4. On the first Memorial Day, General James Garfield made a speech at the Arlington National Cemetery, and over 5,000 participants decorated the 20,000 graves of fallen soldiers buried there.
5. Congress passed a law in 2000 that requires all Americans to stop what they are doing at 3pm on Memorial Day to remember and to honor those who have died serving the United States. President Clinton signed this action.
6. Northern states adopted Memorial Day (known as the Decorative Day back then) earlier and with more enthusiasm than the former Confederate states.
In fact, it was not until after the World War I when the South finally adopted the holiday. At that time, the purpose of Memorial Day was broadened to include American soldiers fallen in all wars, not just in the Civil War.

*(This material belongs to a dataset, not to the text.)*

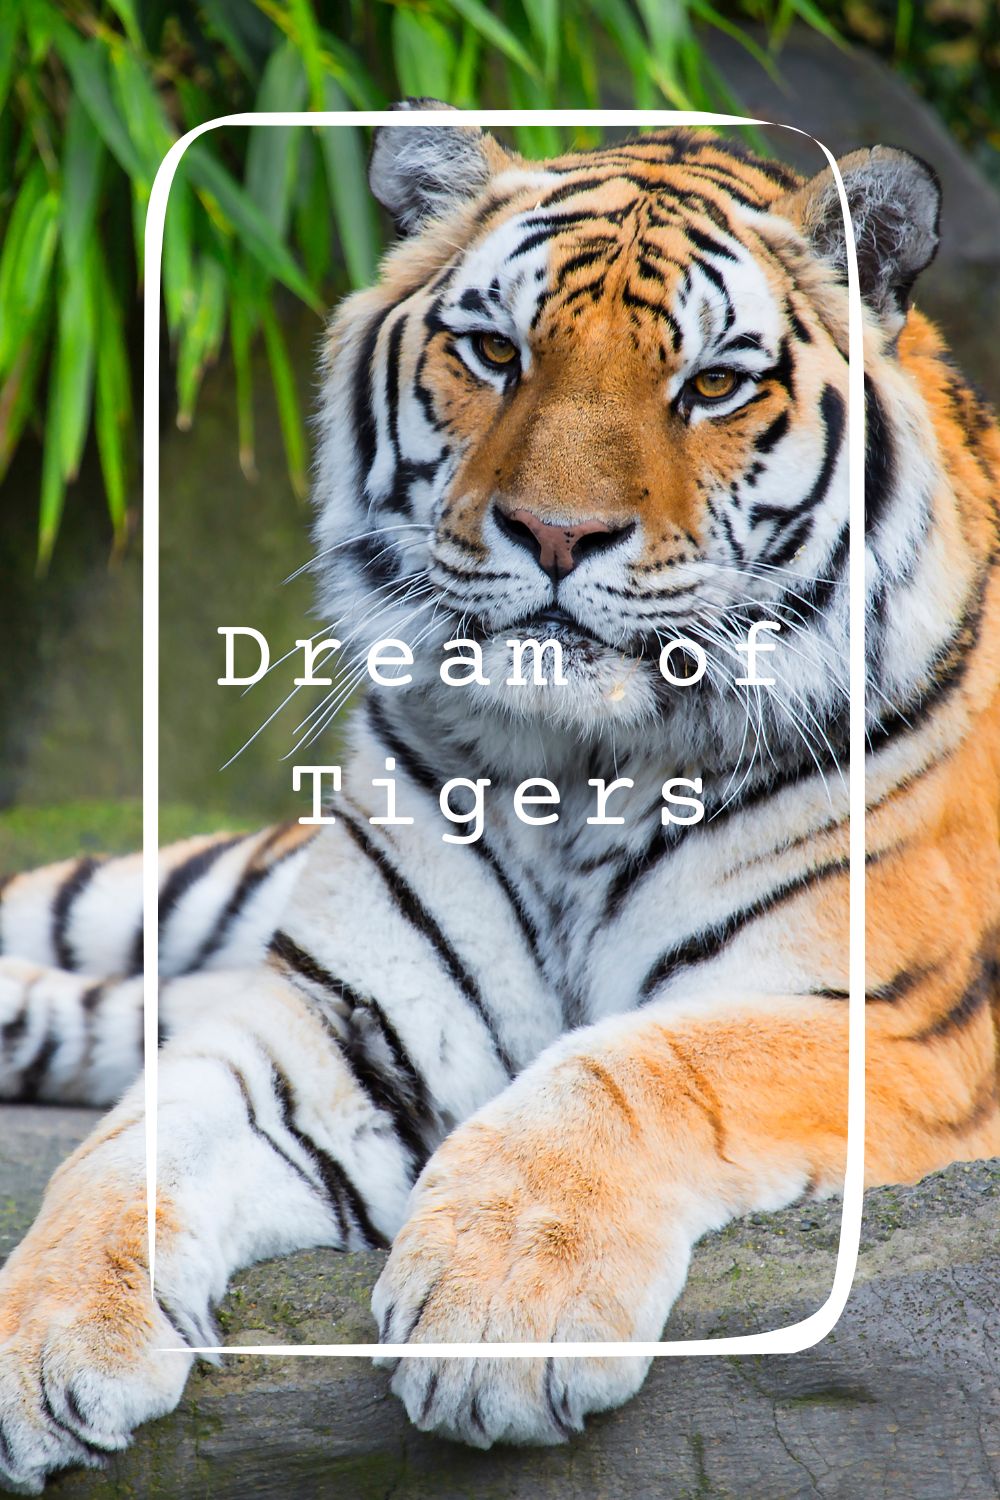 17 Dream of Tigers Meanings4

7. Logan probably adapted the idea from earlier events in the South. Even before the war ended, women’s groups across much of the South were gathering informally to decorate the graves of Confederate dead.
In April 1886, the Ladies Memorial Association of Columbus, Georgia resolved to commemorate the fallen once a year—a decision that seems to have influenced John Logan to follow suit, according to his own wife.
However, southern commemorations were rarely held on one standard day, with observations differing by state and spread out across much of the spring and early summer. It’s a tradition that continues today: Nine southern states officially recognize a Confederate Memorial Day, with events held on Confederate President Jefferson Davis’ birthday, the day on which General Thomas “Stonewall” Jackson was killed, or to commemorate other symbolic events.
8. New York was the first state to officially announce Memorial Day as a holiday in 1873. By 1890, the holiday was recognized as an official holiday by all of the northern states.